In his comments on the legislative state of things the American Library Association spokesperson wrote this:

The Committee has debated this issue for several years, and after considering debate and testimony from entities inside the legislative branch and beyond the Committee believes the publishing of CRS reports will not impede CRS’s core mission in any impactful way and is in keeping with the Committee’s priority of full transparency to the American people. Within 90 days of enactment of this act CRS is directed to submit a plan to its oversight committees detailing its recommendations for implementing this effort as well as any associated cost estimates.
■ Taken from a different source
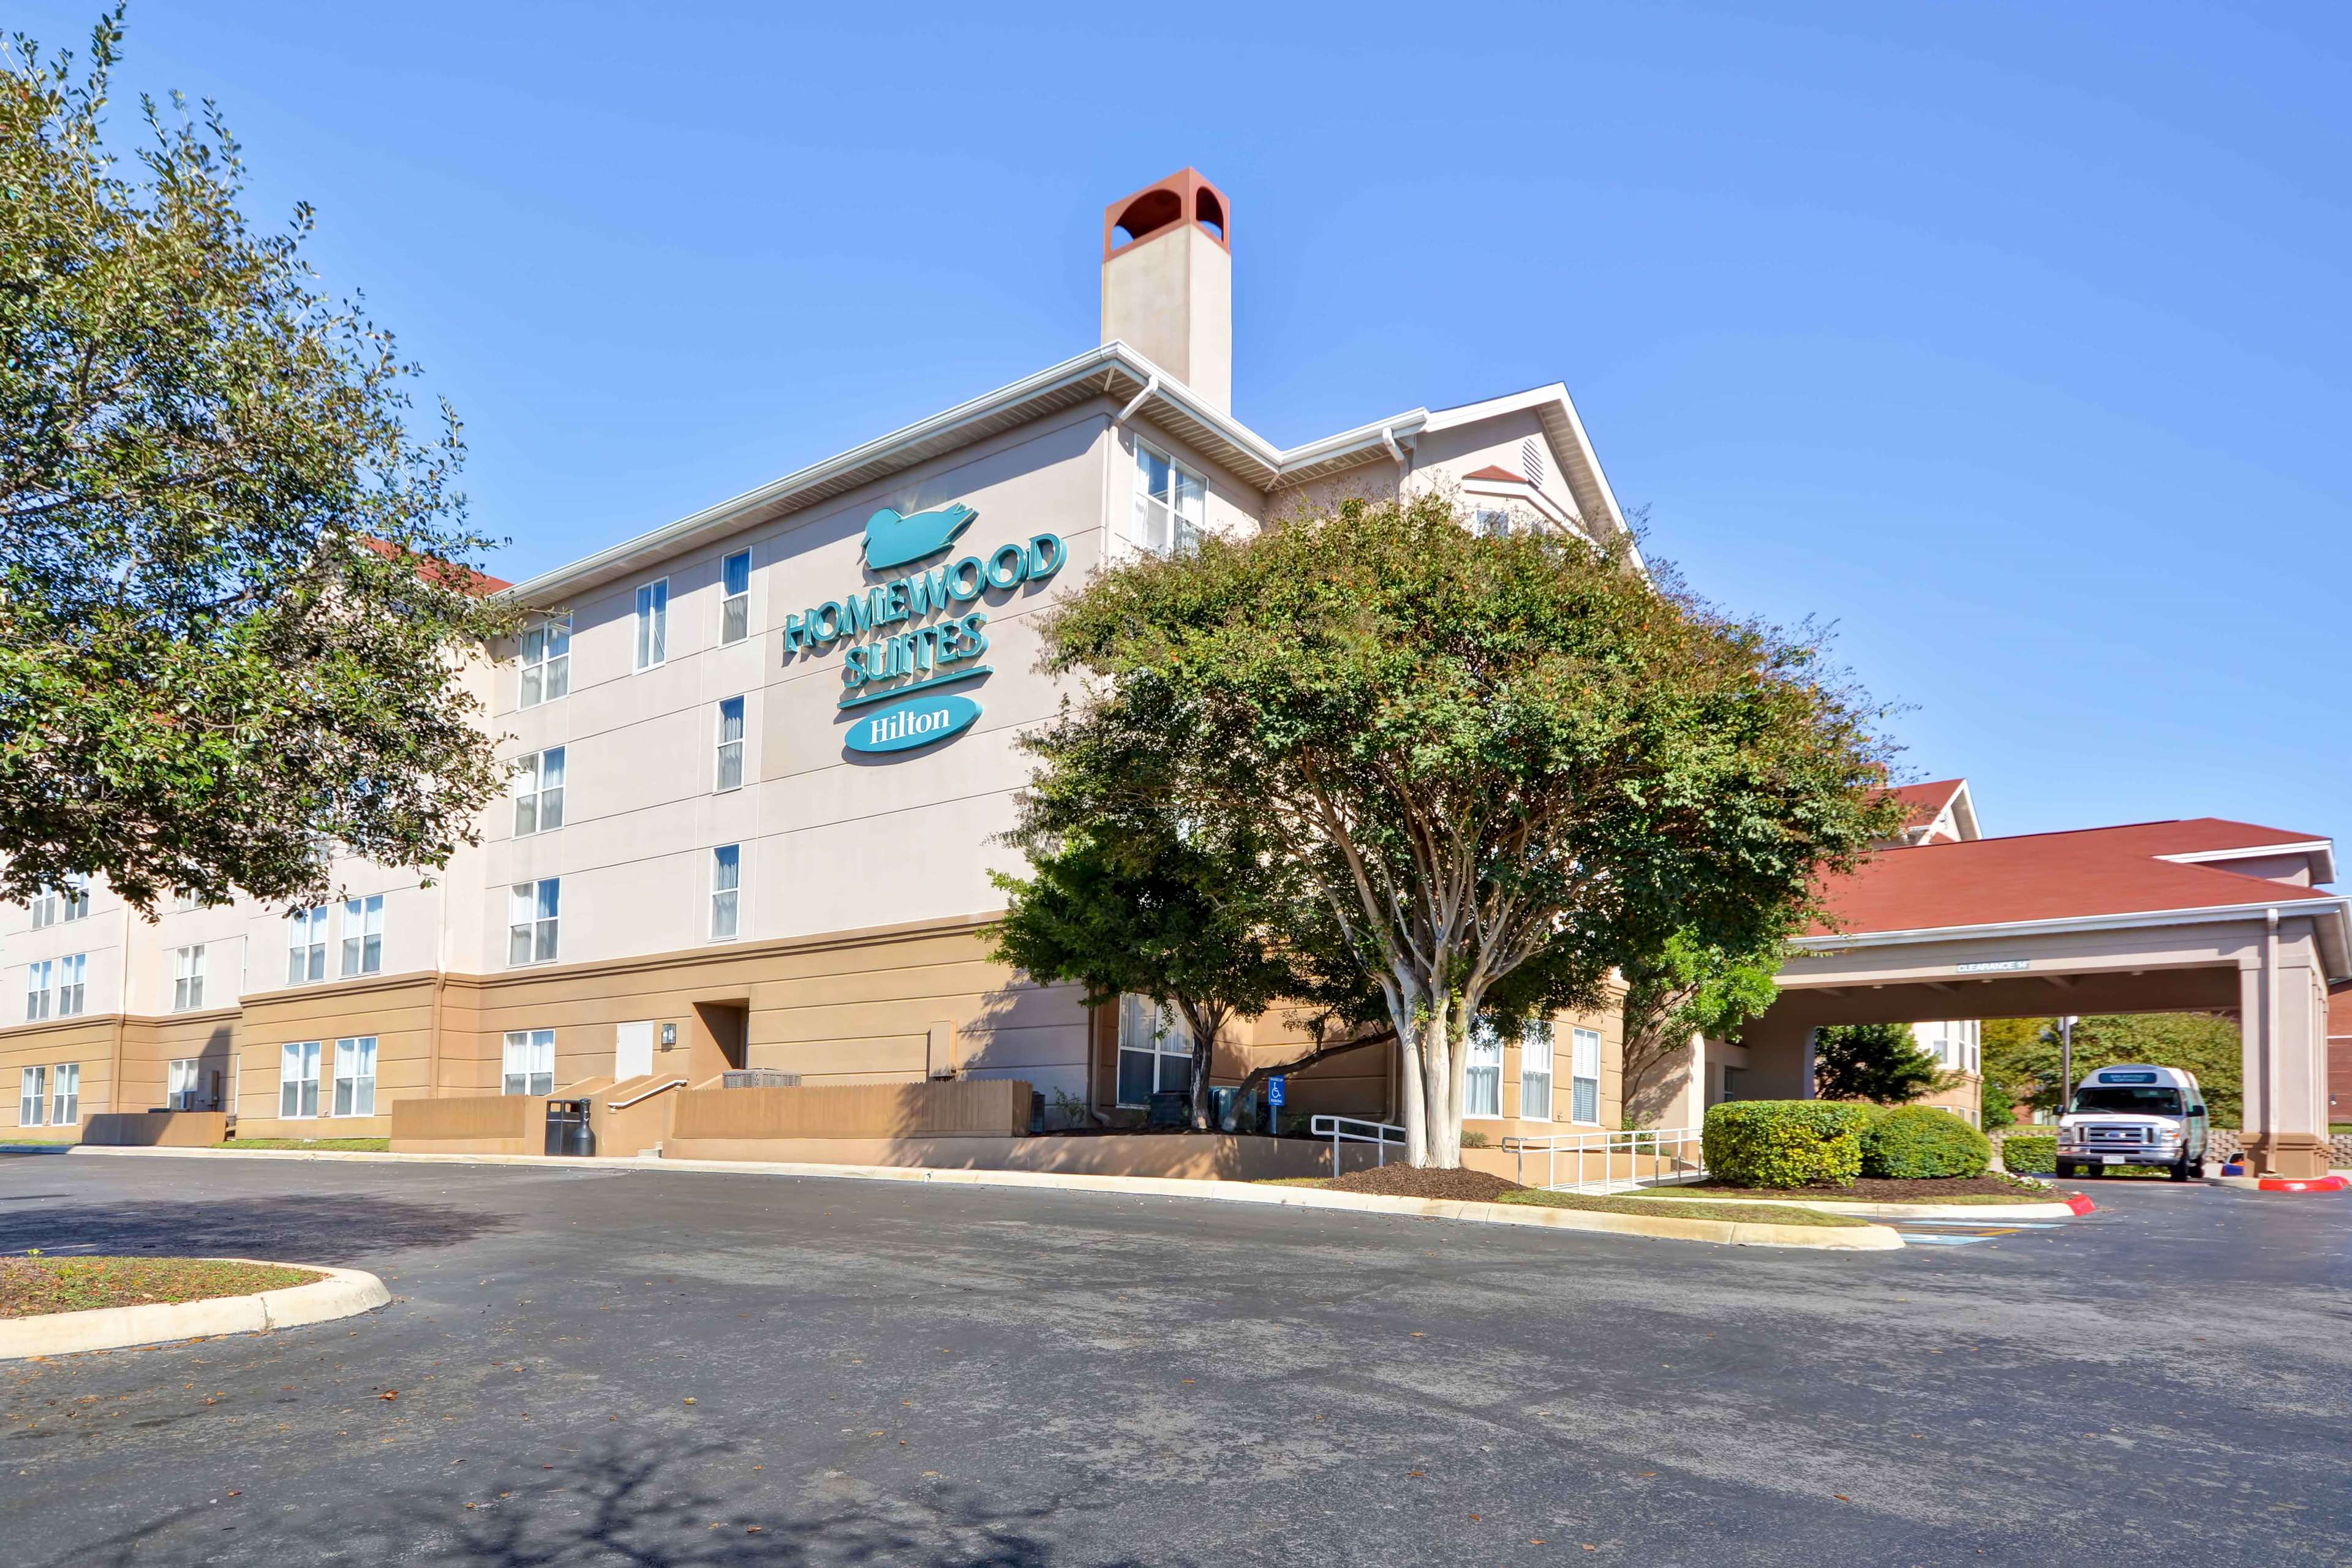 Homewood Suites by Hilton San Antonio-Northwest image 1

The timing is ideal.  As Americans celebrate the 4th with fireworks, parades and picnics this small step for the democracy is a giant step for an informed democracy.  The quantity and quality of CRS reports is beyond belief  – Check out the history of CRS publications here:  https://fas.org/sgp/crs/misc/

Assuming that this legendary level of quality is allowed and funded to continue, we will be better informed citizens, capable of more informed decision-making.  Something like the forefathers had in mind when they signed their names….

Let the people know the facts, and the country will be safe.

Abraham Lincoln, 1861

Access-More in the Breach than in the Observance

It is no surprise that virtually all of the talk to and about newly-elected officials focuses on the economy and jobs, jobs, jobs.  One undertone that is too often ignored is the ever-so-subtle issue of the public’s right to information by and about the government.  Two disparate situations bring the latest issue to the surface.  One is the approach to the electoral process evident in the openness of the recent vote count and in plans underway for a potential recount.  The Secretary of State, the election judges, the legacy and alternative press are all at the table, exposing the process and the results.  On the other hand, the doors have remained slammed on the press and public seeking information about the selection of a President for the People’s University.  It’s time to aim the spotlight at an issue too often relegated to the closet.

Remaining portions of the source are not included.